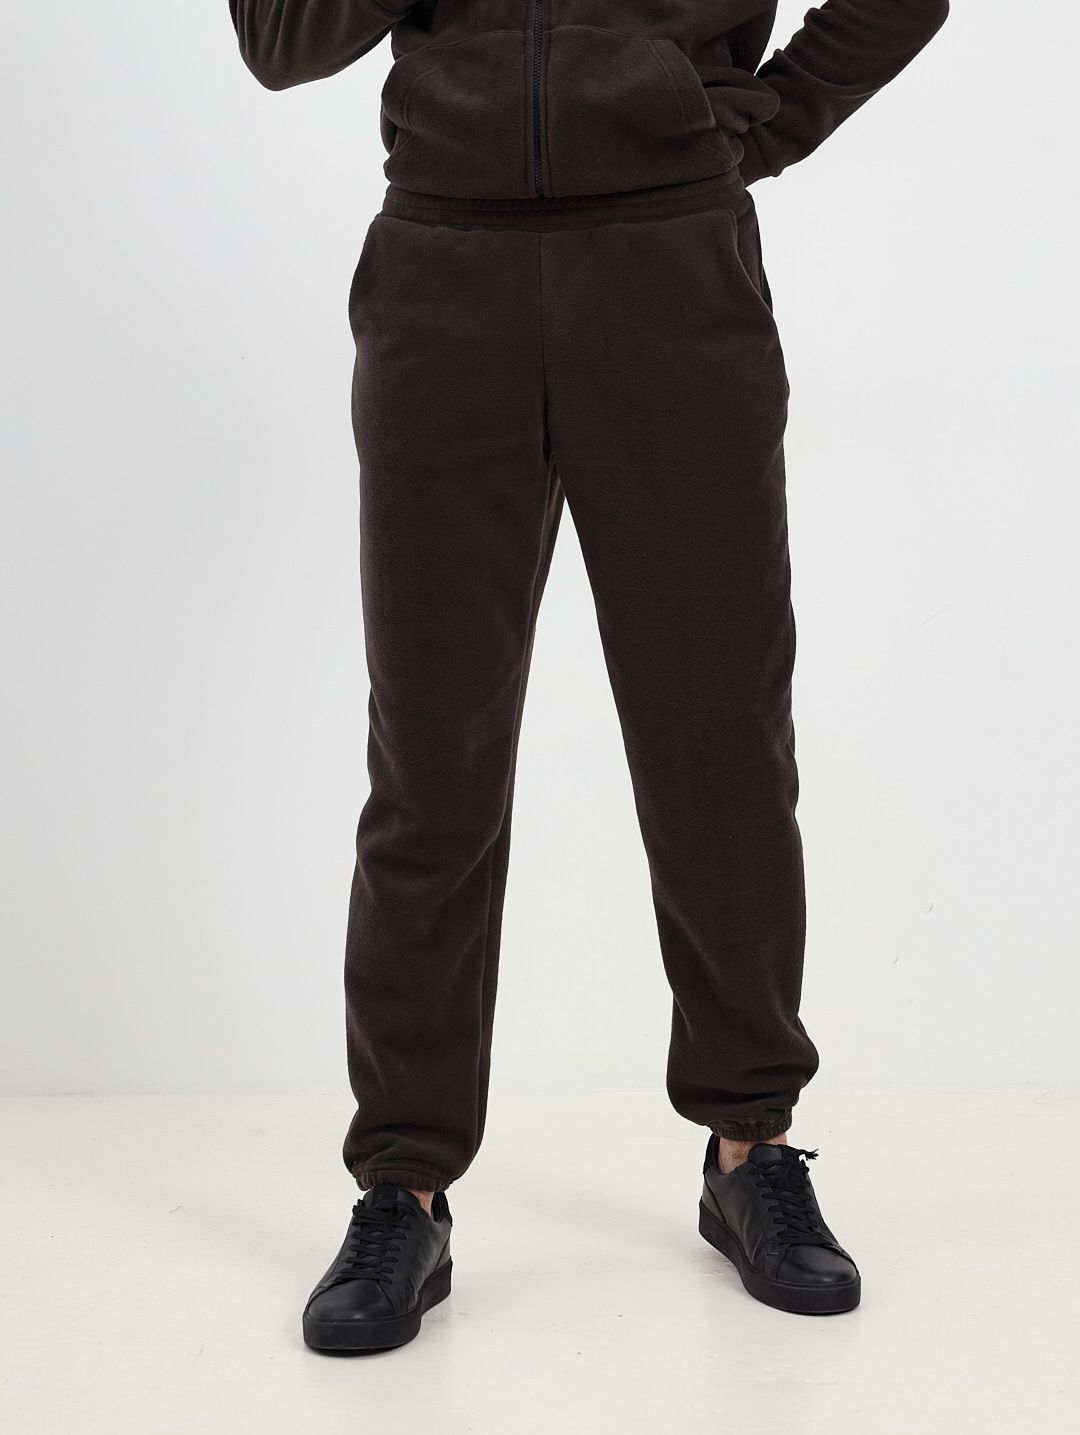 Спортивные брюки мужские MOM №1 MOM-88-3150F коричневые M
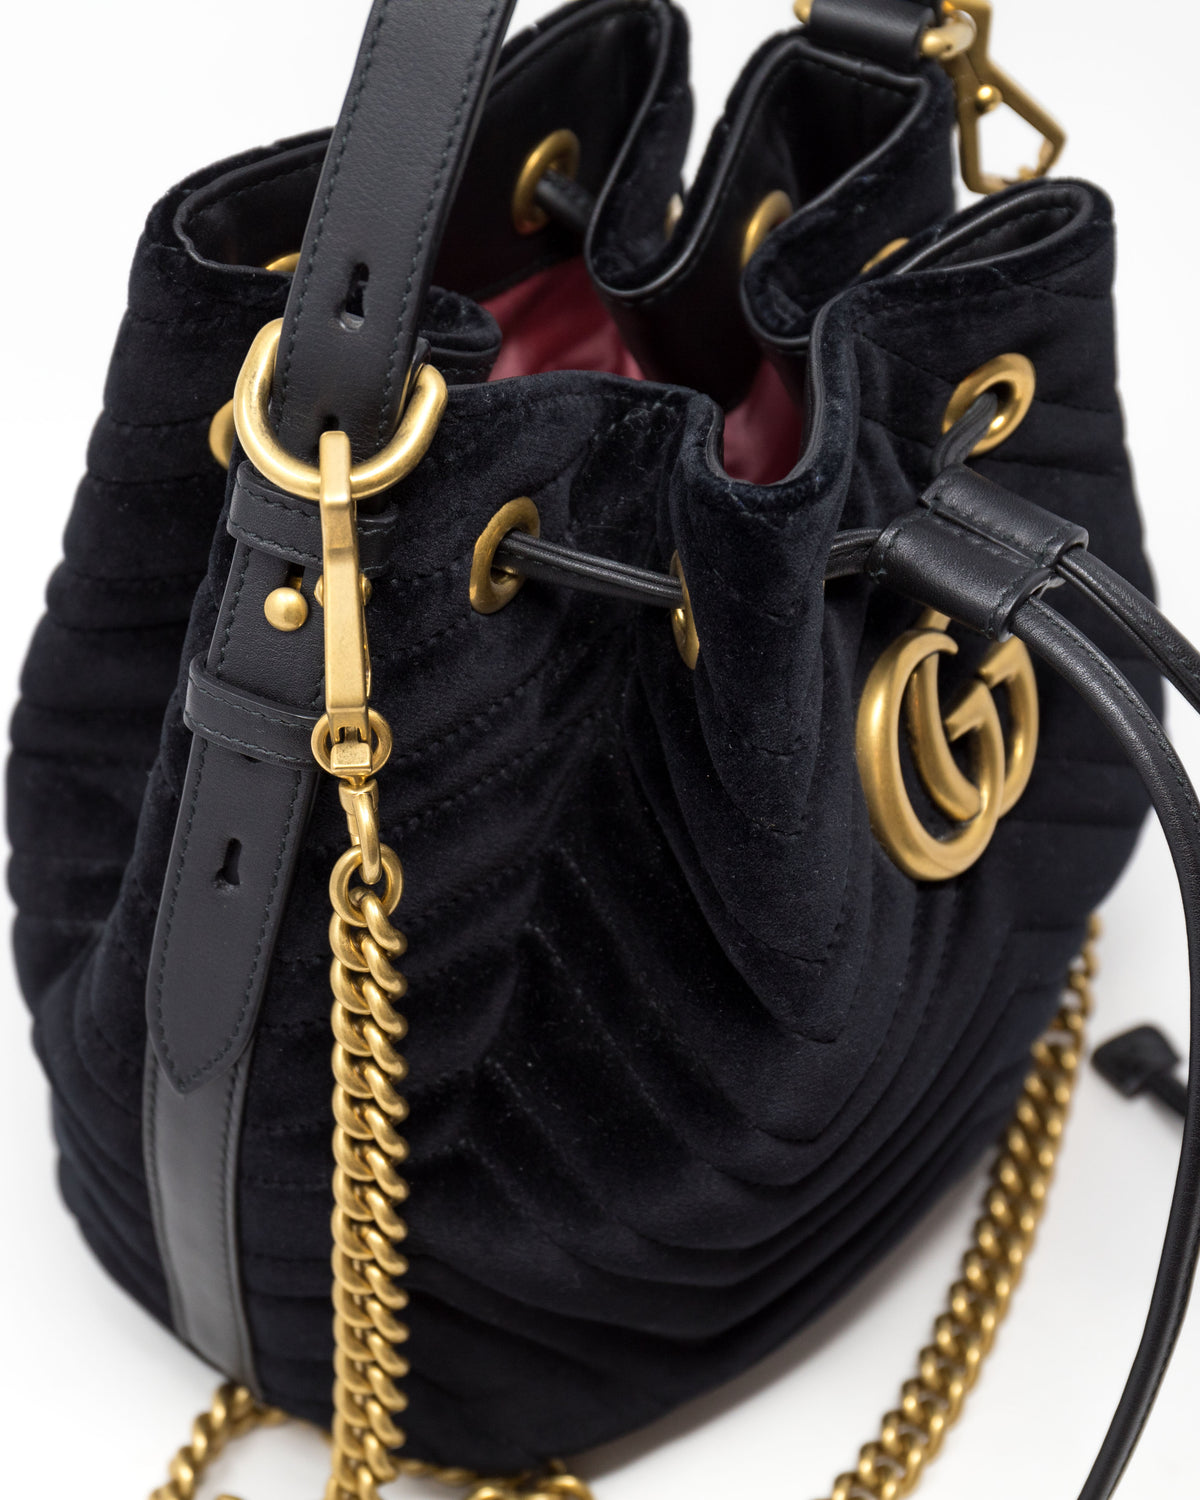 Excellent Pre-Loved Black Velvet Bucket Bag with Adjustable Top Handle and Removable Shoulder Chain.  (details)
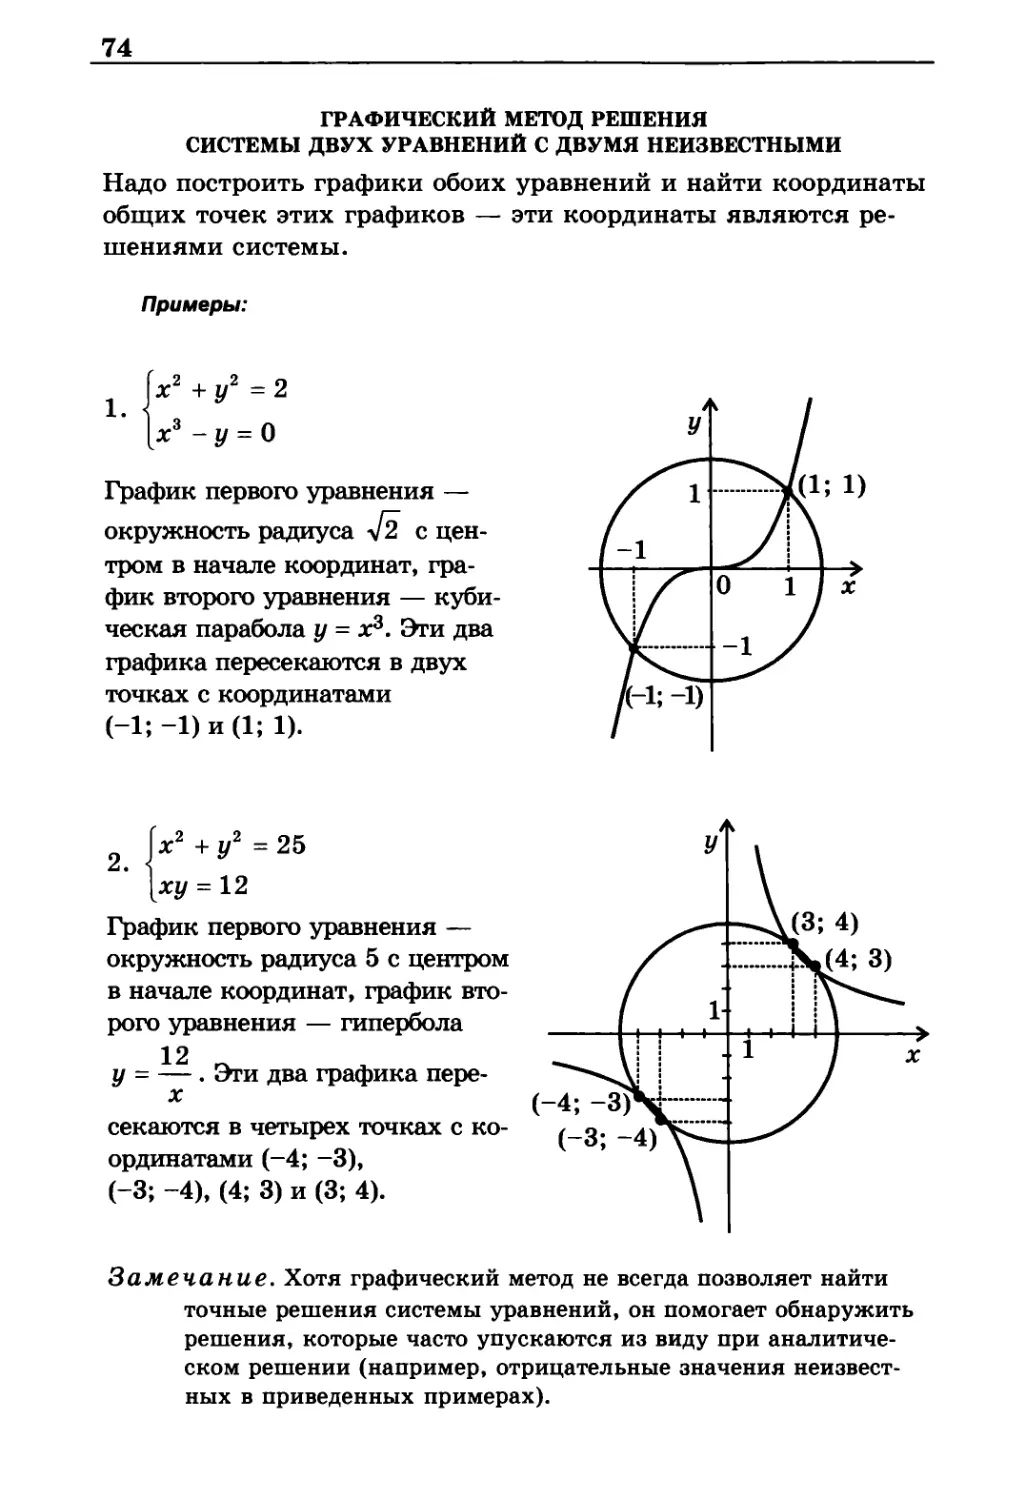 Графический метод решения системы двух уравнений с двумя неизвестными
___
Would you transcribe the listing above line by line, exactly, leaving every picture out?

Answer section:
 Спортивные брюки мужские MOM №1 MOM-88-3150F коричневые M
 Excellent Pre-Loved Black Velvet Bucket Bag with Adjustable Top Handle and Removable Shoulder Chain.  (details)
 Графический метод решения системы двух уравнений с двумя неизвестными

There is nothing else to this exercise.